International Telecommunications Union, ITU has said that over the past 15 years, Information and Communication Technologies, ICTs have grown in an unprecedented way, providing huge opportunities for social and economic development.
This is contained in a new figures released by the UN agency which track ICT progress and show gaps in connectivity since the year 2000, when world leaders established the United Nations Millennium Development Goals MDGs.
It indicates that there are more than 7 billion mobile subscriptions worldwide, up from 738 million in 2000. Globally, 3.2 billion people are using the Internet, of which two billion live in developing countries.
ITU Secretary-General, Houlin Zhao, at the launch of the report at the 2015 WSIS Forum in Geneva, said, “These new figures not only show the rapid technological progress made to date, but also help us identify those being left behind in the fast-evolving digital economy, as well as the areas where ICT investment is needed most.”
Also, the Director of the ITU’s Telecommunication Development Bureau, Mr. Brahima Sanou, said, “ICTs will play an even more significant role in the post-2015 era and in achieving future Sustainable Development Goals as the world moves faster and faster towards a digital society.
“Our mission is to connect everyone and to create a truly inclusive information society, for which we need comparable and high-quality data and statistics to measure progress.”
The figures show that between 2000 and 2015, Internet penetration has increased almost seven-fold from 6.5 to 43 per cent of the global population with the proportion of households with Internet access at home advanced from 18 percent in 2005 to 46 per cent in 2015.
ITU figures also indicate that four billion people in the developing world remain offline. Of the nearly one billion people living in the Least Developing Countries, LDCs, 851 million do not use the Internet.
Mobile broadband is the most dynamic market segment, with mobile-broadband penetration globally reaching 47 per cent in 2015, a value that increased 12-fold since 2007.
In 2015, 69 per cent of the global population will be covered by 3G mobile broadband, up from 45 per cent in 2011.

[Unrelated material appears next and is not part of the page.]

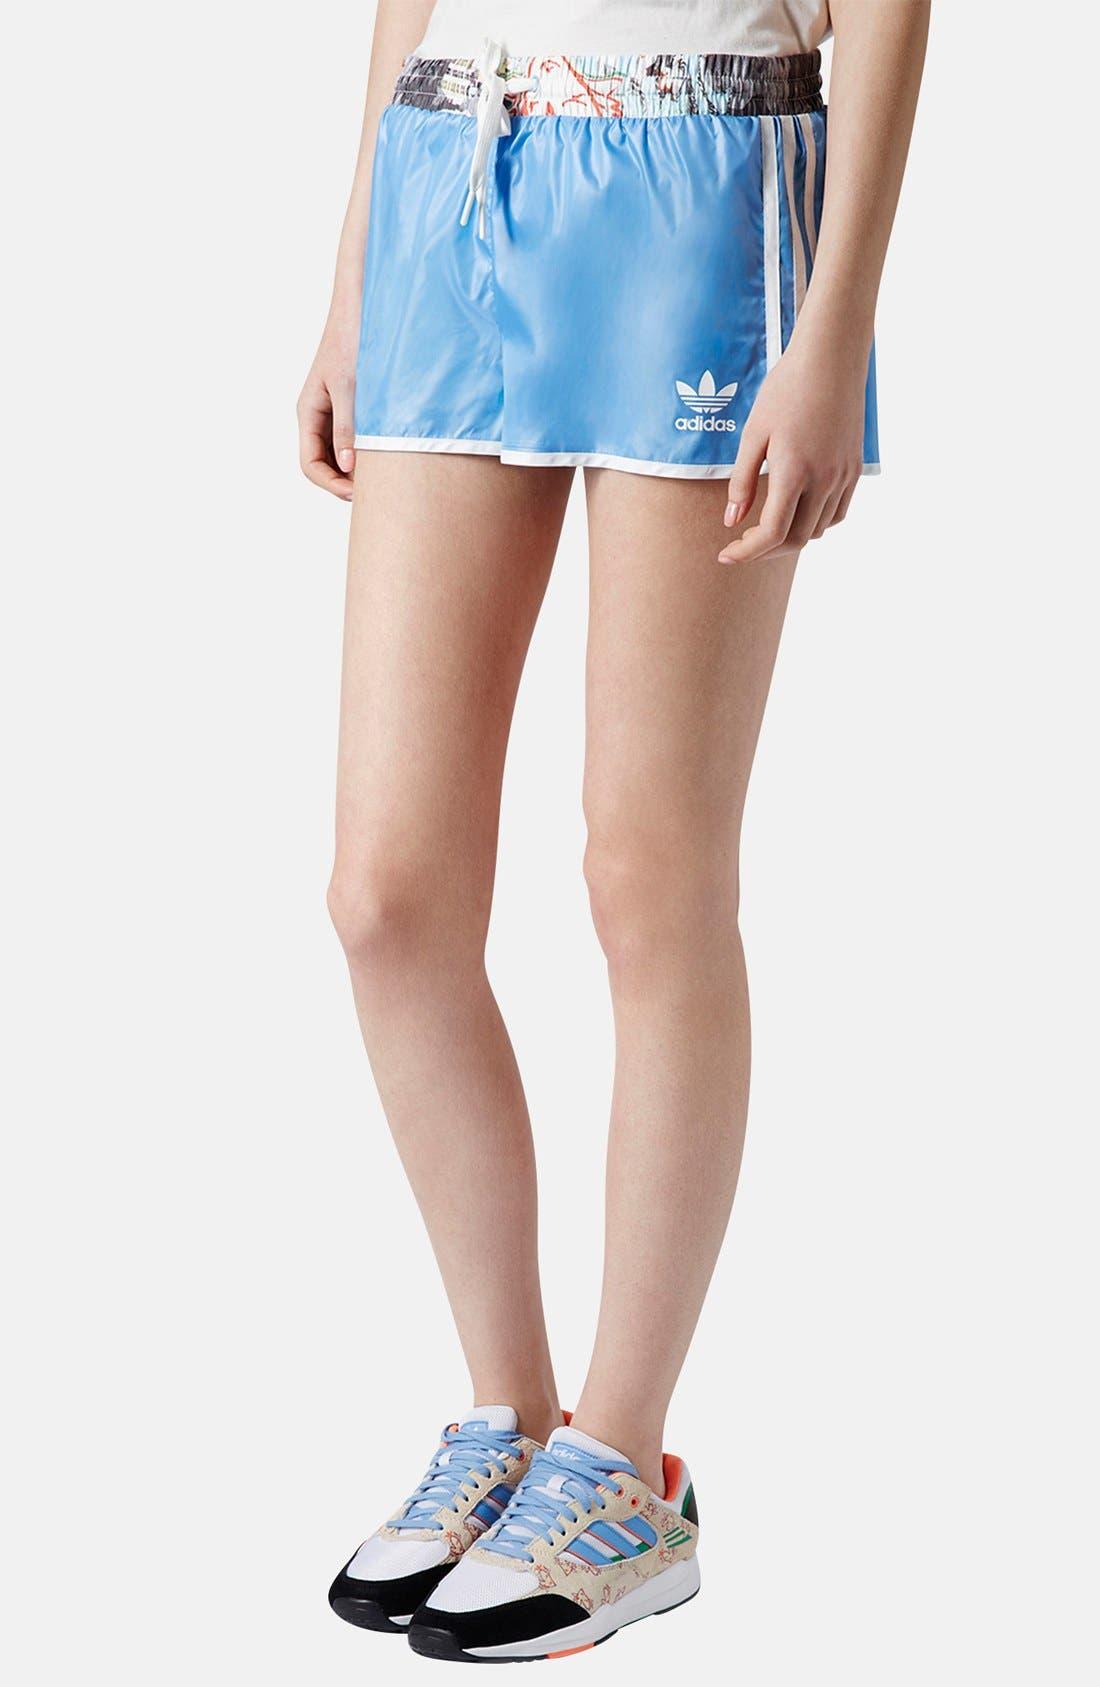 Alternate Image 1 Selected - Topshop x adidas Originals Blue Shorts

There is also a rapid extension of 3G mobile broadband into rural areas, and ITU estimates that 29 per cent of the 3.4 billion people worldwide living in rural areas will be covered by 3G mobile broadband by the end of 2015.
Among the four billion people living in urban areas, 89 per cent will have access to 3G mobile broadband.
Fixed-broadband uptake is growing at a slower pace with a seven per cent annual increase over the past three years.
While the prices of fixed-broadband services dropped sharply between 2008 and 2011 in developing countries, they have been stagnating since then and even increased slightly in LDCs.
The figures indicate that broadband is now affordable in 111 countries, with the cost of a basic (fixed or mobile) broadband plan corresponding to less than five per cent of Gross National Income, GNI per capita, thus meeting the target set by the Broadband Commission for Digital Development.
The global average cost of a basic fixed-broadband plan, as measured in PPP$ (or purchasing power parity $), is 1.7 times higher than the average cost of a comparable mobile-broadband plan.